Updated: Nov 10, 2021

Tack One, a local Singaporean startup focused on IoT technologies, has created the Tack GPS, a GPS tracker that Tack One wants to be the future of location tracking.

The main draw of the Tack GPS is that it uses a combination of GPS, Wi-Fi, and cellular to show owners its location. This is unlike, say, Apple's AirTags which solely rely on Bluetooth – albeit one with very expansive coverage.

The other draw is its size, allowing it to be used for a multitude of cases, such as for children, pets, belongings, and the reason that the Tack GPS was developed in the first place, the elderly with dementia.

Coming in at just 30g, the Tack GPS has 30 days of battery life through a 750mAh battery that's rechargeable through USB-C. It also uses what Tack calls Hybrid Location Technology, where it uses GPS as well as Wi-Fi and IoT networks to achieve an unlimited range between the Tack GPS and its accompanying app, as well as Bluetooth for device setup. It supports indoor and outdoor connectivity through Cat-M1 and NB IoT mobile networks, which are meant to provide larger coverage and better power efficiency than standard GSM networks.

Overall, Tack One rates the accuracy of the Tack GPS to be within 3 to 5m when using outdoor GPS connectivity, and 10 to 30m when using indoor Wi-Fi. The Tack GPS is rated for 100 to 250m accuracy through cell tower triangulation, should both GPS and Wi-Fi fail.

Moving on to the Tack GPS app, it's there that you can designate a safe zone, such as a school for your child, create specific boundaries for these safe zones and get a notification whenever the tracker enters or leaves them. The app also allows comes with other modes that can be controlled through the app, such as power-saving, standard, active and emergency to balance between tracking and battery life, as well as location sharing, where you can generate a link for someone else to track the Tack GPS. The Tack GPS app also allows you to track up to 99 Tack devices.

What tracking looks like on the app. (Image Source: Tack One)

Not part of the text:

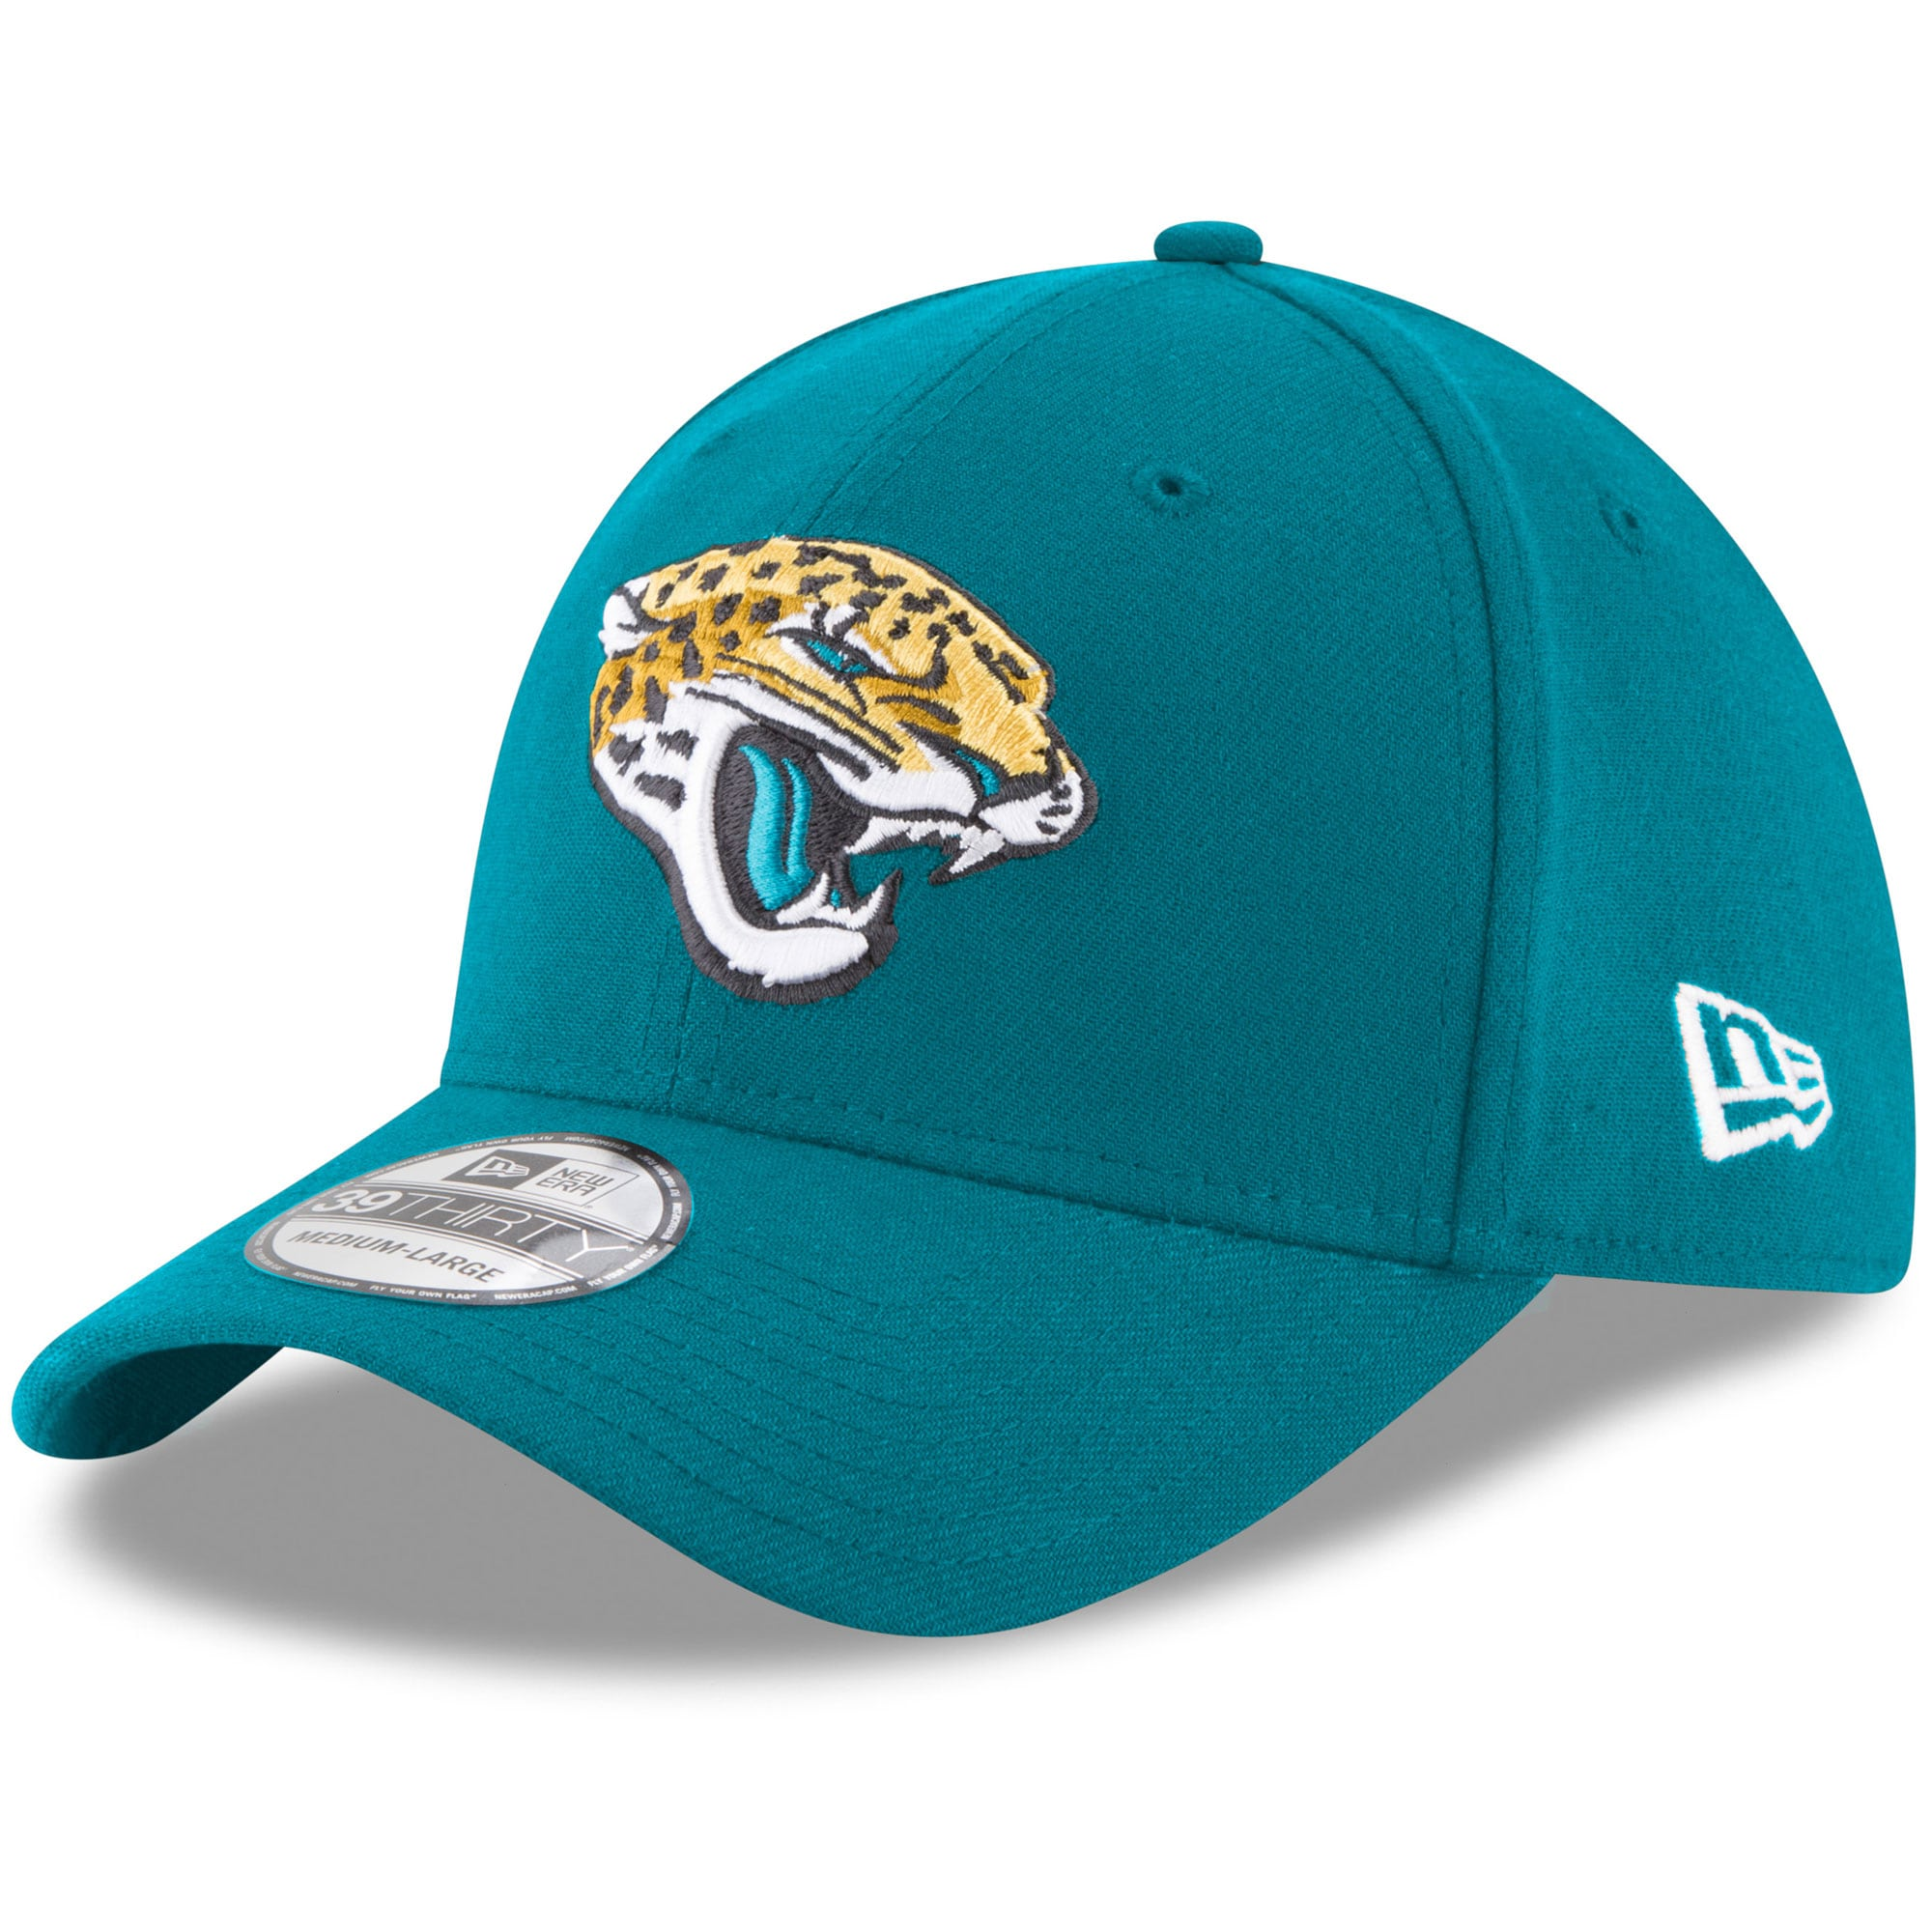 Jacksonville Jaguars New Era 39THIRTY Flex Team Classic Hat - Teal

The Tack GPS also has a few more features that back it up, including an on-device location report button, which, when pressed, gives a continuous report of its location every two minutes. It is also water and dust proof.

All of this is to say that Tack One wishes to differentiate the Tack GPS from its GPS tracking competitors. It touts the small form factor, being smaller than other trackers like the LightBug Zero, as well as using both IoT and Cat-M1 technologies, rather than just one separately or none at all.

But the final differentiator that Tack One wants you to take note of is the price. The Tack GPS was originally funded through Kickstarter in 2020, and was released earlier this year, and it's available for S$107, The accompanying Wi-Fi service, Tack Connect, is available as two yearly subscriptions, with the 1-year subscription costing US$3.29/month, and the 2-year subscription costing US$2.99/month, while the prerequisite SIM card for using its mobile network capabilities being included in both plans.

This is quite the offer, with similar GPS trackers like the Whistle Go and Jiobit offering US$10 plans, and the trackers themselves being upwards of US$100. If you're looking for a cheap GPS tracker that promises to work well, you might want to consider this. The Tack GPS and subscriptions plans are available on Tack One's website. The Tack GPS is also available on Tack One's Amazon and Lazada storefronts.